9/6

夢の中で上原の顔は高校時代とてもよくしてくれた国語の先生のそれで、私はかず子の目で彼の顔を見上げていたが、決してかず子は私じゃなかった。「しくじった」という言葉がいやに胸に残って、放課後ノートを持って行くついでに職員室の前で立ち話する時なんか、その先生が例のにやついた顔で「しくじった」というところをいつも想像するのだった。片想いなしには生きられない性分であるらしく、毎回都合のいい相手をその座に据えて、頭の中で勝手にあれこれ言わせたり、意味のない仕草に意味を見出してどぎまぎするのが癖だった。半分は勉強に張合いを持たせるためでもあって、打算の混じった小汚い片想いである。友人の中には「あの先生が好き」と公言してはばからない人もいて、そういう健やかさを妬ましく思った。クラス中に応援されながら先生に頭をなでてもらいに行った子のことを、そんなことをしたって好意がかえってくるわけでもなし、とひねくれた目で見ていた。

『斜陽』はあれきり読んでいなくて、昨日話題に挙がった時もろくな内容を思い出せなかった。久々にサークルの友人が6人くらい集まって、一人の家で飲んでいて、夜中に水やら酒やら買い足しに行った帰りだった。私の為にそういう内容を持ち出してくれたのは分かったから、何か返さないとと思ったけれど、「太宰の書く女は理想化されているから、あんなのいないと思った方がいい」とかなんとか、よそで聞いたことのある話を持ち出して、その実私は聖母の実在を信じていて、そんなことひとかけらも思っていないので、自分にすごく腹が立った。

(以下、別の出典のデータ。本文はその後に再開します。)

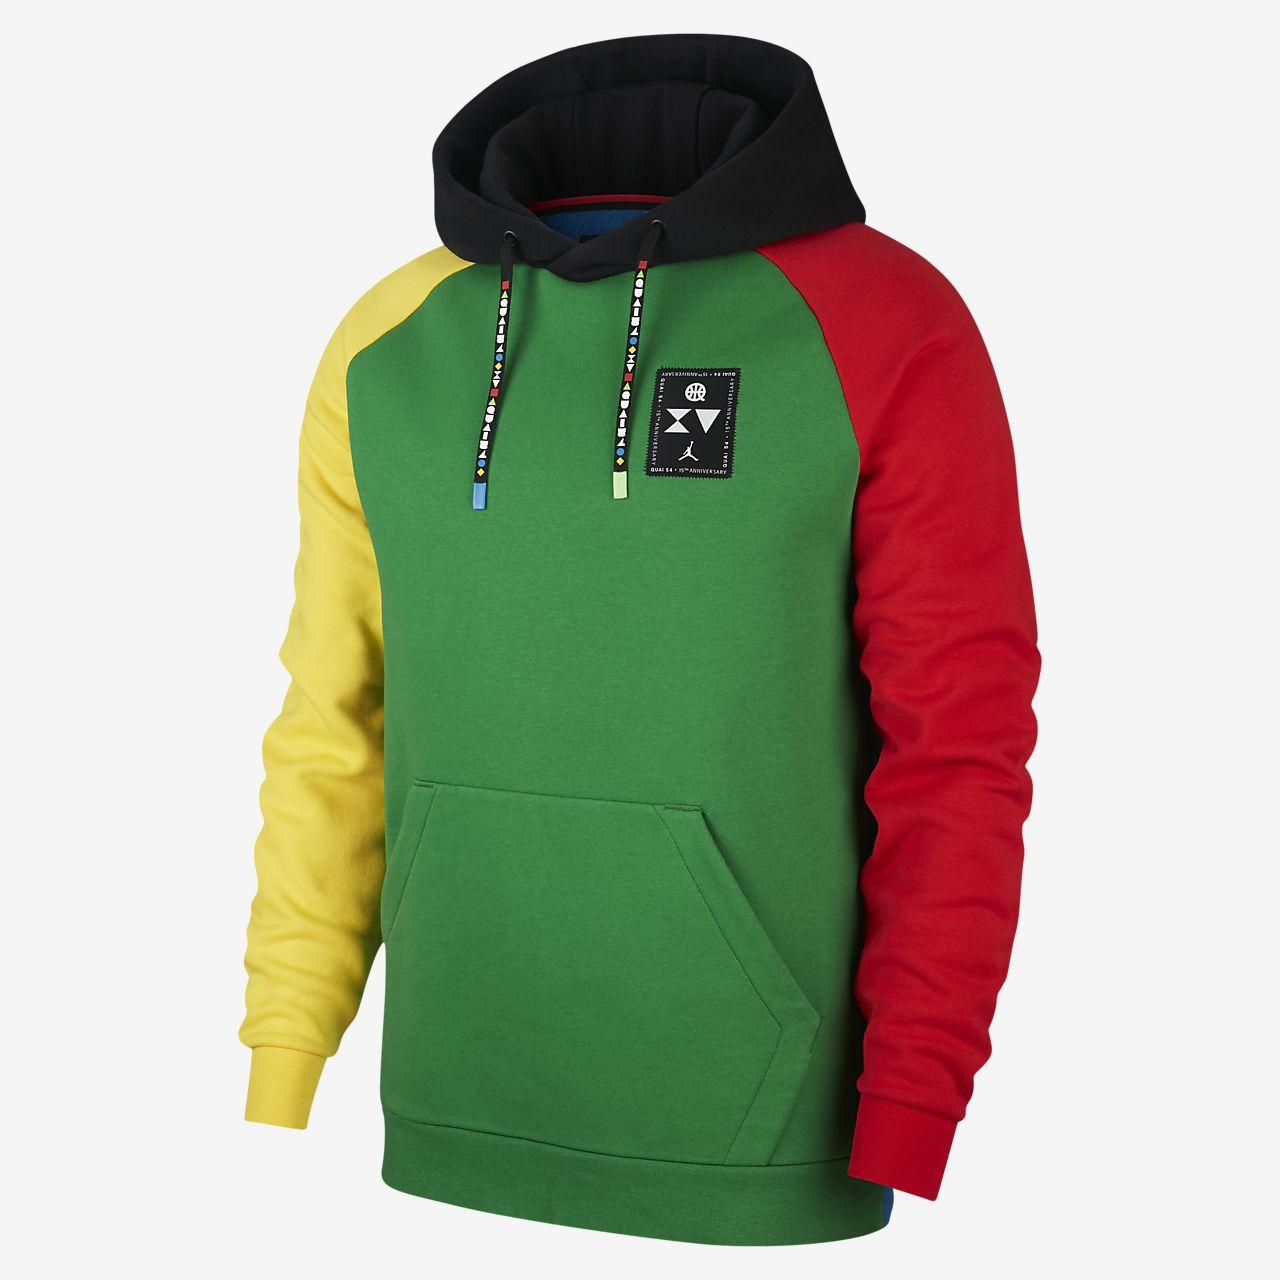 Maglia in fleece Jordan Quai 54 Pullover - Uomo

川辺でピノを食べながら暫く話し込んでいた。もう1人が「しくじった」のことを持ち出した。そいつも「しくじった」が一番格好いいと思って、鉛筆で線を引いたんだと言っていた。私はそいつとこういう所で気が合ってしまって、以前はこんな一致に舞い上がっていたけれど、今は却って淋しく感じる。太宰の話をしはじめた1人は、「しくじった」には何の感興もよびおこされなかったらしい。2人して煙草を吸い始めるので、一本試しに貰ったけれど、全然吸えたもんじゃなかった。喉元に煙が当たるだけで視界が灰色になって、いがいがして、寿命が二秒縮まった。煙草を吸う人の気持ちがまだ全然わからない。

かず子はどうして子どもが欲しかったんだろう。かず子にはお母さんがすべてだった。お母さんが死んで、財産も頼れる身寄りもないかず子がこれから戦って生きていくためには、恋の成就と子どもが必要だった?

太宰の書く女はいつもかわいくて、腹が立つ。信仰心が厚くって、悲しいことがあるとすぐに目を潤ませる。一人で生きて行けるたくましさがあるのに、頼りない酒飲みの男を放っておけなくて、聖母みたいに手を差し伸べる。かず子は上原に追いすがってばかりみたいだけど、かず子が追いすがってくれるお陰で、上原にも幾分か救われている部分があると思う。こういう女を、女にも男にも好かれるように書いて見せる太宰に腹が立つ。打算も小狡さも全部幼さにすり替えるところに腹が立つ。「こういう風にしか生きられない」、そんなことがあってたまるか。自分で死ななくたって、赤ら顔した歯抜けの子を孕まなくたって、もっと明るく愉快に続いていく方法は必ずあったはずじゃないか。腹が立つ。腹が立つ一方で、人間生の真理を見せつけられて深く納得している自分もいるのである。今日読み返した感想はそんなところである。あとは、ヨイトマケだって畑仕事だって何でもやってみせるわ、と自分に言って聞かせるかず子が、年下みたいに愛しかった。